Nasty chemicals for nearby trees though


----------



## jefflovstrom (Mar 8, 2017)

How did you apply the round-up?
Jeff


----------



## hanniedog (Mar 8, 2017)

Tordon RTU works very well.


----------



## ChoppyChoppy (Mar 8, 2017)

Jason Douglas said:


> Tordon, Imazuron, Sahara.
> 
> Nasty chemicals for nearby trees though



There are spruce across the paved farm road, about 40ft, would that be a problem? Fence is on one side of the road, spruce are on the other... well like 20ft from the sides. Otherwise nothing else that matters.


----------



## hanniedog (Mar 8, 2017)

Should be fine.


----------



## ATH (Mar 8, 2017)

One thing that is key is proper use. Treat the stumps as soon as you cut them. Within 30 minutes, but sooner is better. You only need a little bit and just around the sapwood.

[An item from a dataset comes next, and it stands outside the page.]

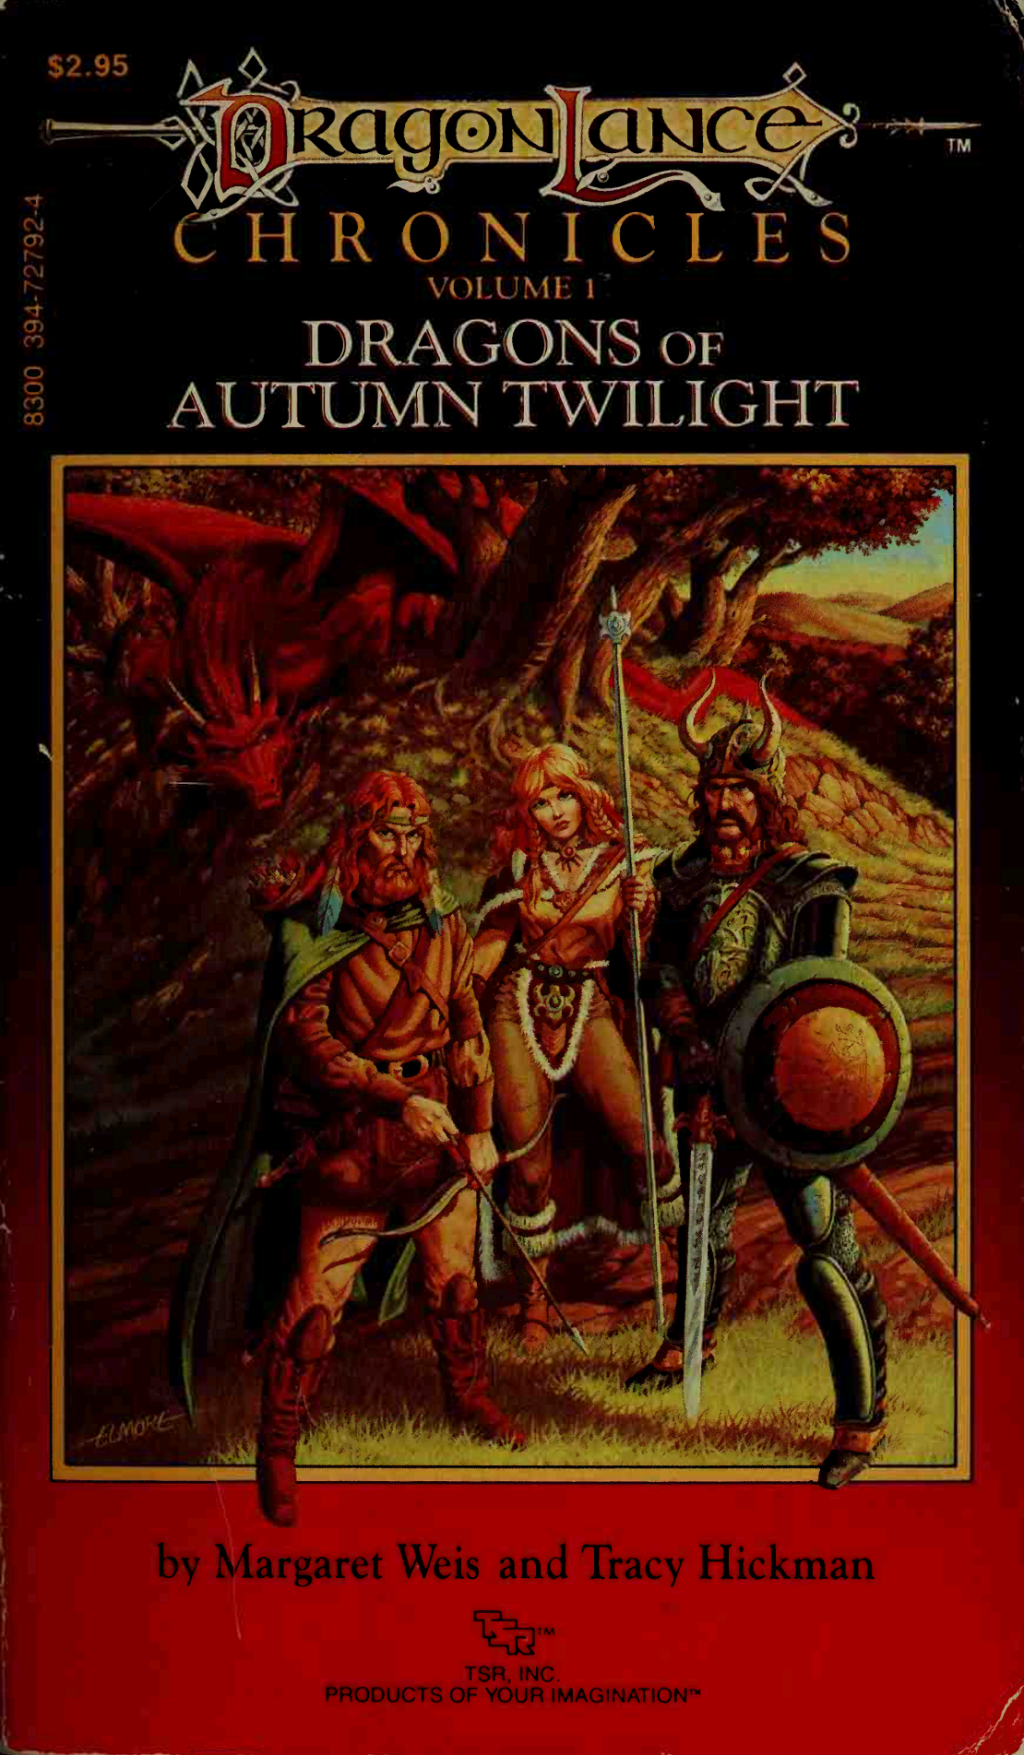 349. Margaret Weis and Tracy Hickman – Dragons of Autumn Twilight (1984)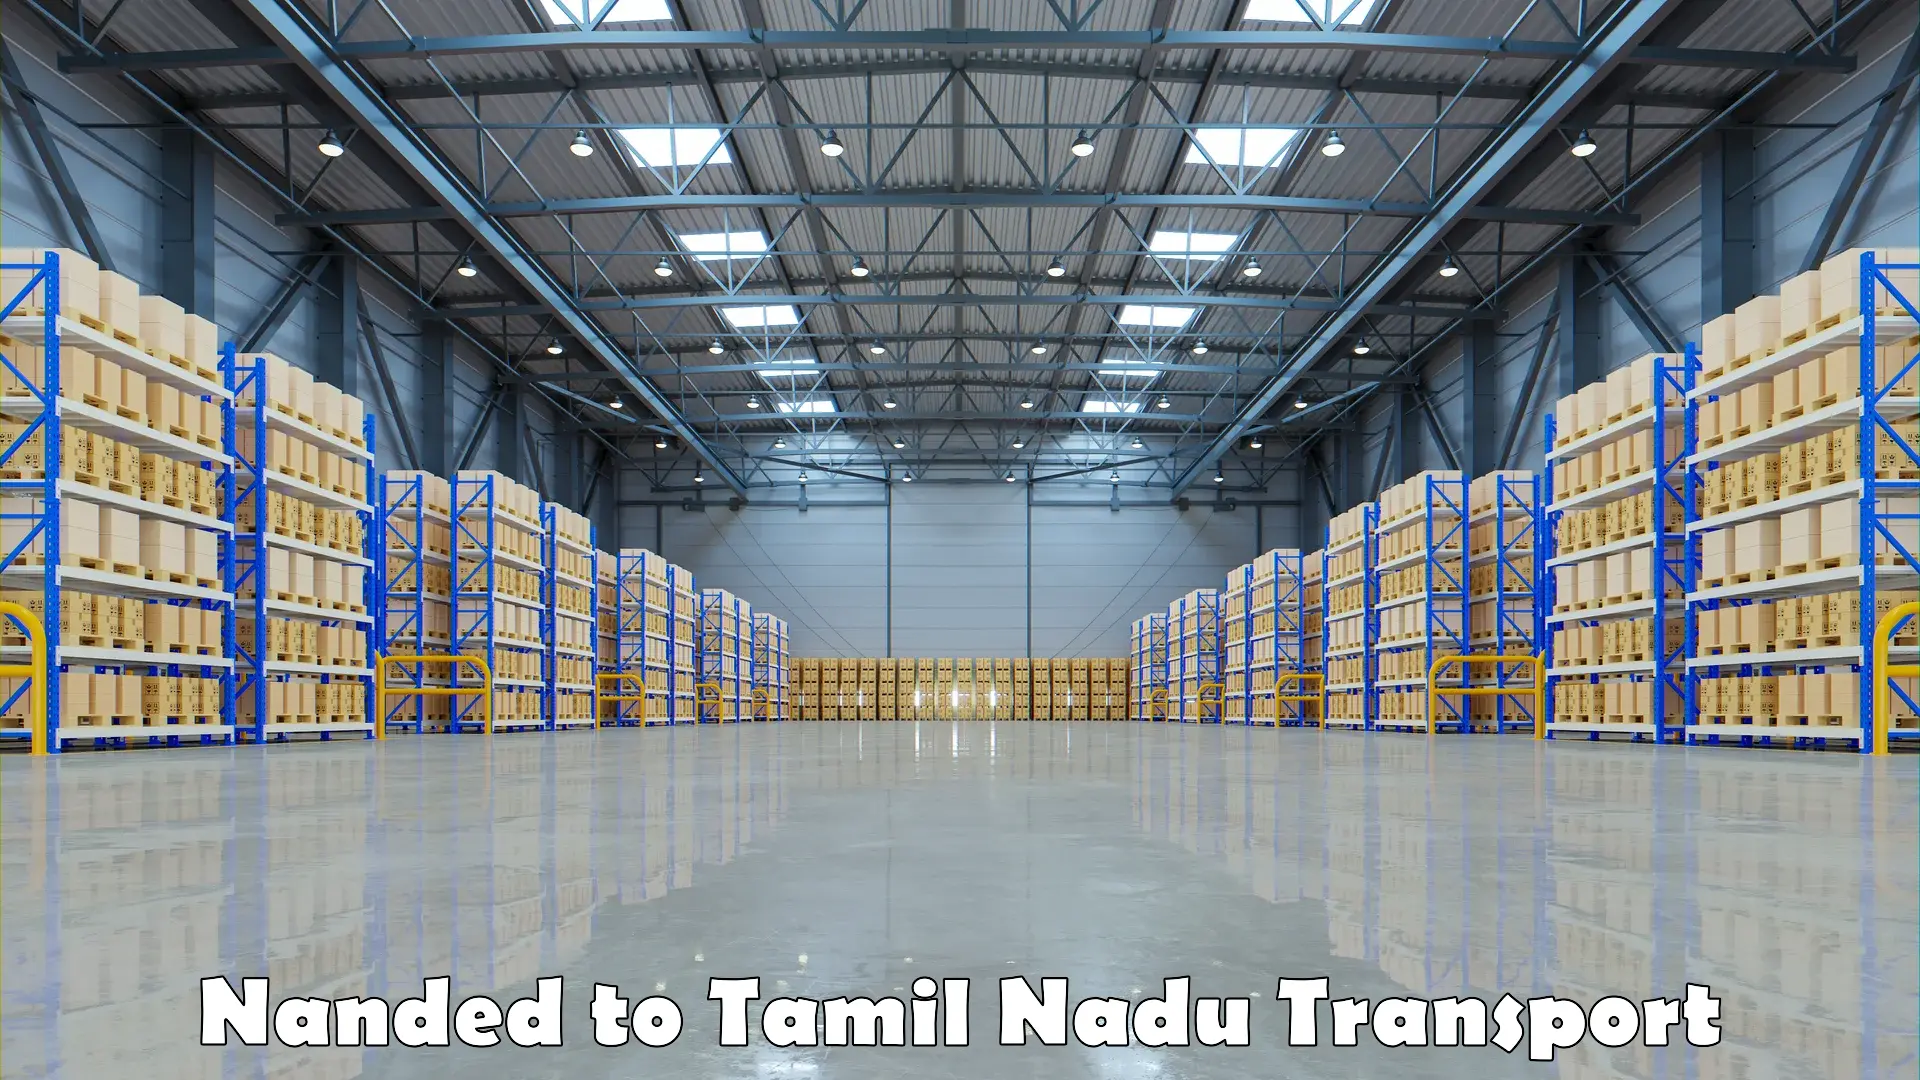 Express transport services Nanded to Chengalpattu

Availability may be variable by State...

I'll second the vote for Tordon RTU. should be easy to find. I pay about $20 per quart. It moves in root grafts more than others, so where it is a problem is if you are trying to kill "Specimen A" but keep "Specimen B" where they are the same species and close to each other. Tulip-poplar is more sensitive than most others I see. I have seen walnut impacted in a stand with VERY thick honeysuckle being treated.

Garlon tends to get a better kill on most species, but it is a little harder to find in reasonably sized containers. In Ohio, Garlon 4 is not restricted use (no license needed to purchase), but Garlon 3 is. You want 4 anyhow.

Crossbow is the same active ingredient in Garlon (triclopyr) in a significantly lower concentration mixed with 2, 4-D. The goal was to lower the price without losing efficacy. It does decent, but not as well as Garlon on most species.

Round-Up does OK, but not great if you are using it at 30%+ on fresh cut stumps - especially in the fall. The others listed above all tend to do better, but people have Round-Up and it is generally labeled for cut stump treatment, so it is worth a mention.


----------



## jefflovstrom (Mar 8, 2017)

So, how did you apply the Round-up, 
Seriously, because I am in a location that has many trees that we can not stump grind, I mean Brazilian pepper, poplar, liquidambar,(sweet gum), eucalyptus,, I could go on, these trees will sprout viciously, I use 'Round-up' full strength and never had ,(well, a couple), 
Like I asked,
How did you apply the 'Round- Up'?
Jeff


----------



## ChoppyChoppy (Mar 8, 2017)

2 or 3 gal weed sprayer and sprayed the stumps and branches/suckers as well as the ground all around (was wanting to kill all the grass too). I did this 3 or 4 times throughout the summer. The grass mostly never grew all summer but the poplar grew just as quick as it normally would.
Also went in with a brush cutter and chopped everything down twice to try and help kill it. (weeds and shoots/suckers (whatever they are called)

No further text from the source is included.